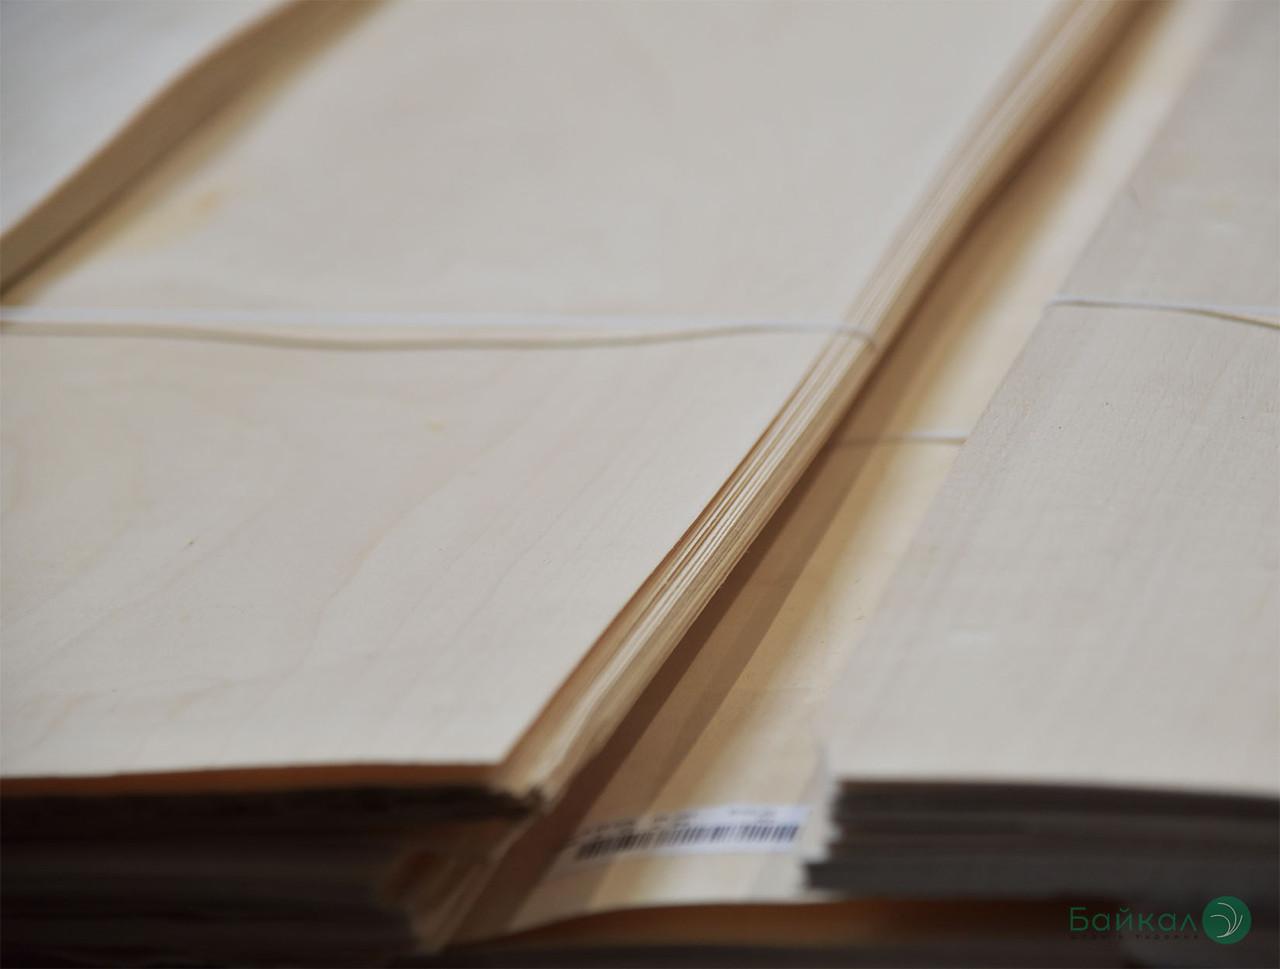 Шпон Клену (Україна)  - 0,6 мм - довжина від 0,80 - 2,05 м+/ ширина від 10 см ( I сорт)
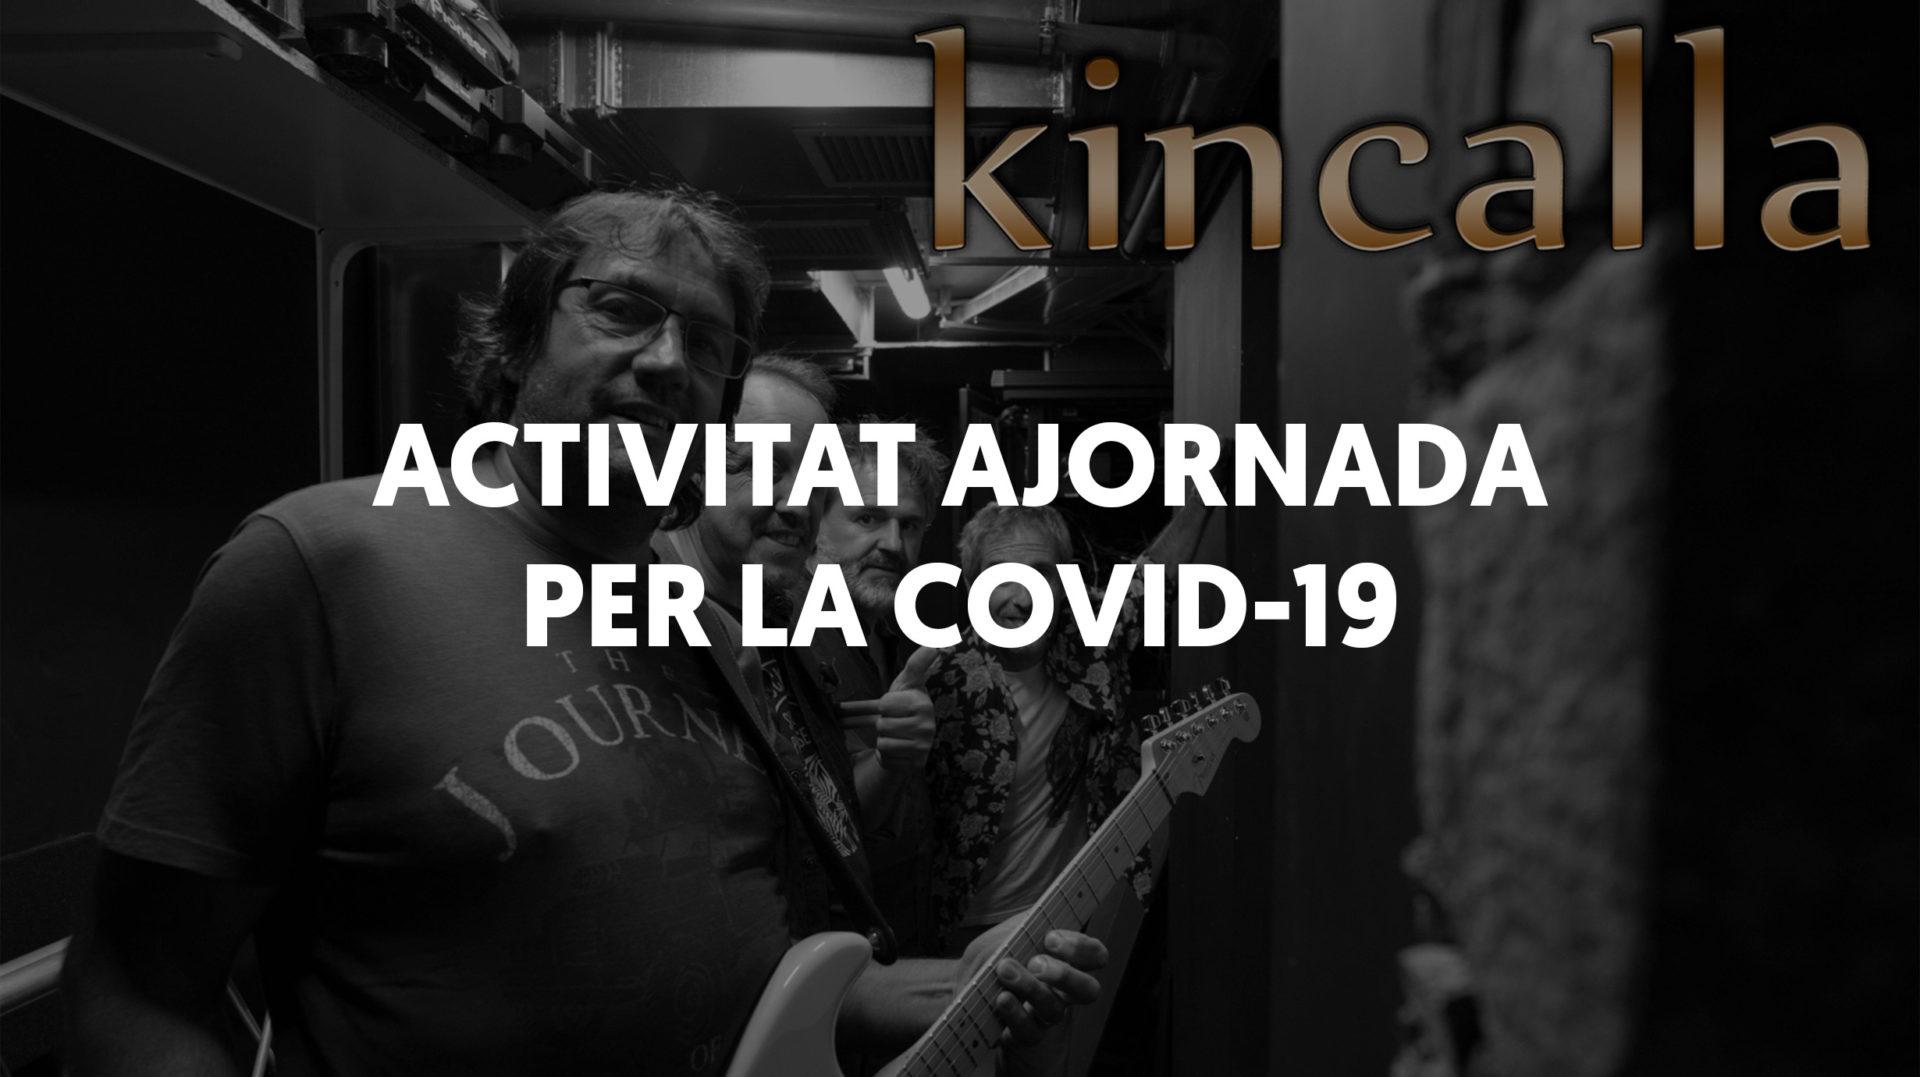 Concert de Kincalla i PDP Experience (Activitat ajornada)
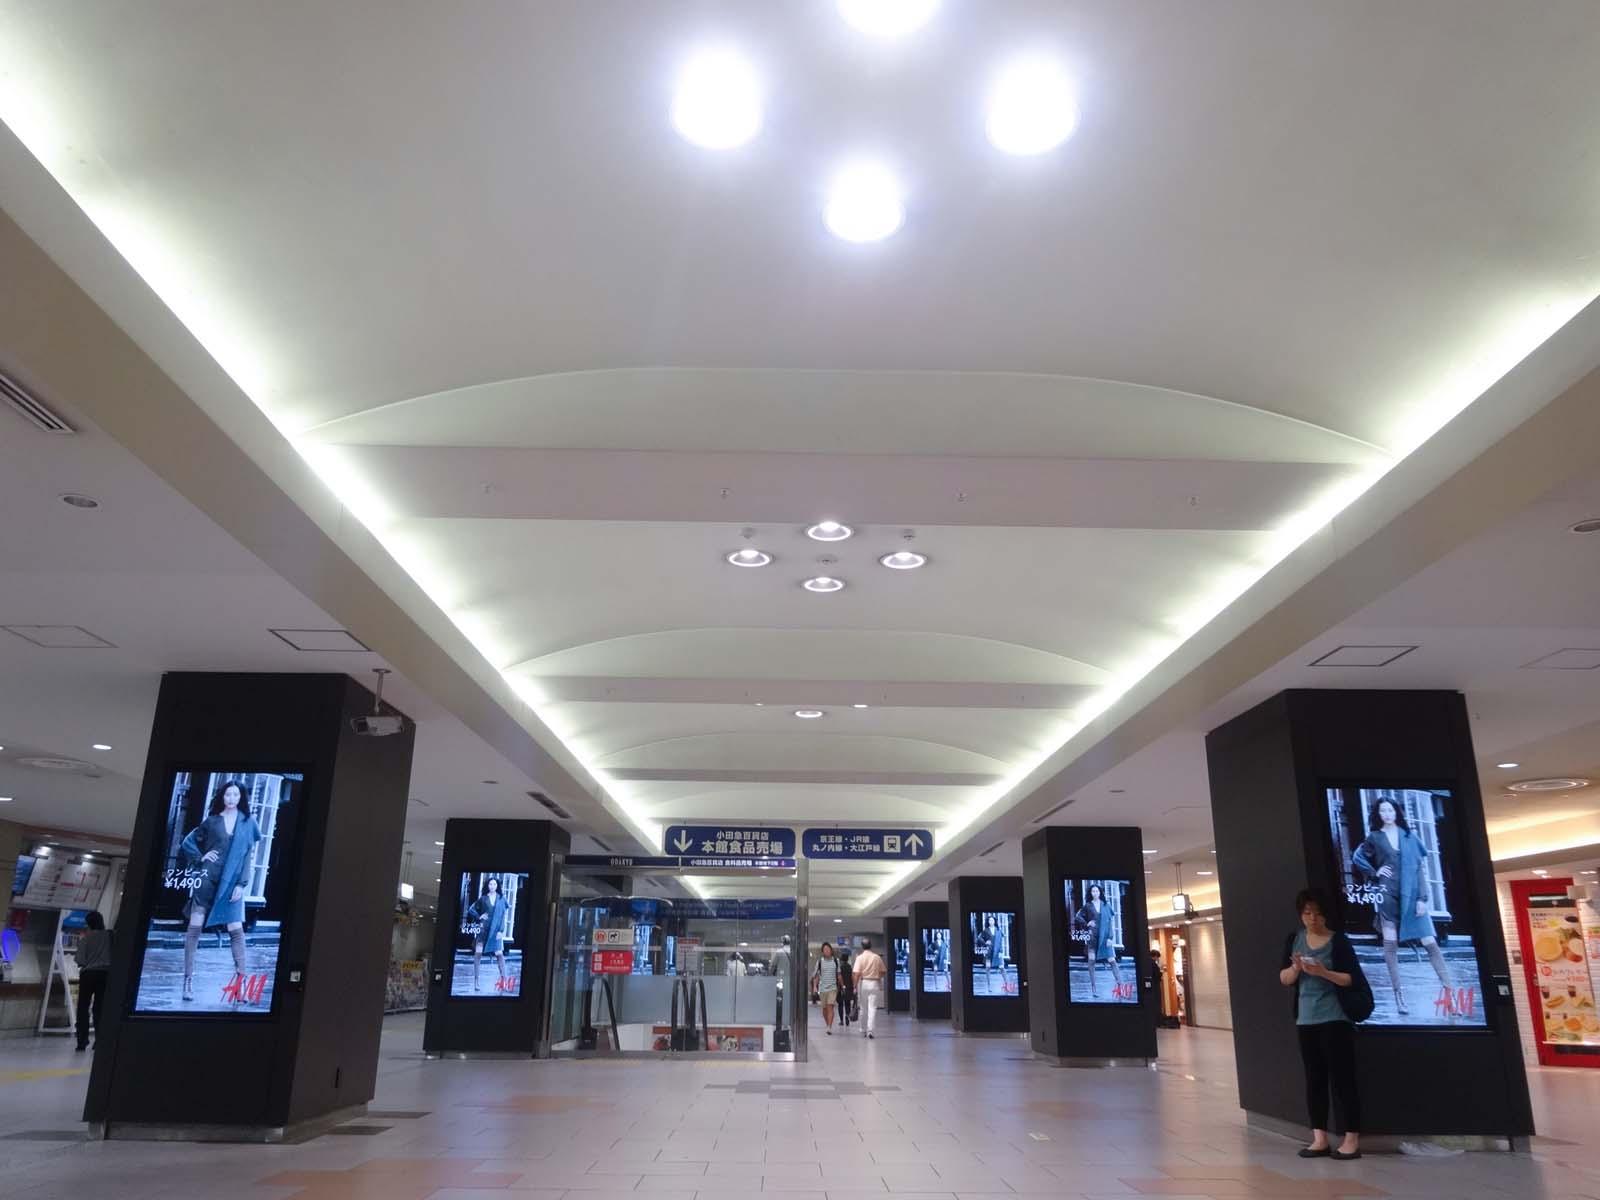 デジタルサイネージ,小田急新宿駅〈著作権フリー画像〉Free Stock Photos

Exercise goal:
Please copy out each line above exactly as written, but not the pictures.

Written reply:
 Шпон Клену (Україна)  - 0,6 мм - довжина від 0,80 - 2,05 м+/ ширина від 10 см ( I сорт)
 Concert de Kincalla i PDP Experience (Activitat ajornada)
 デジタルサイネージ,小田急新宿駅〈著作権フリー画像〉Free Stock Photos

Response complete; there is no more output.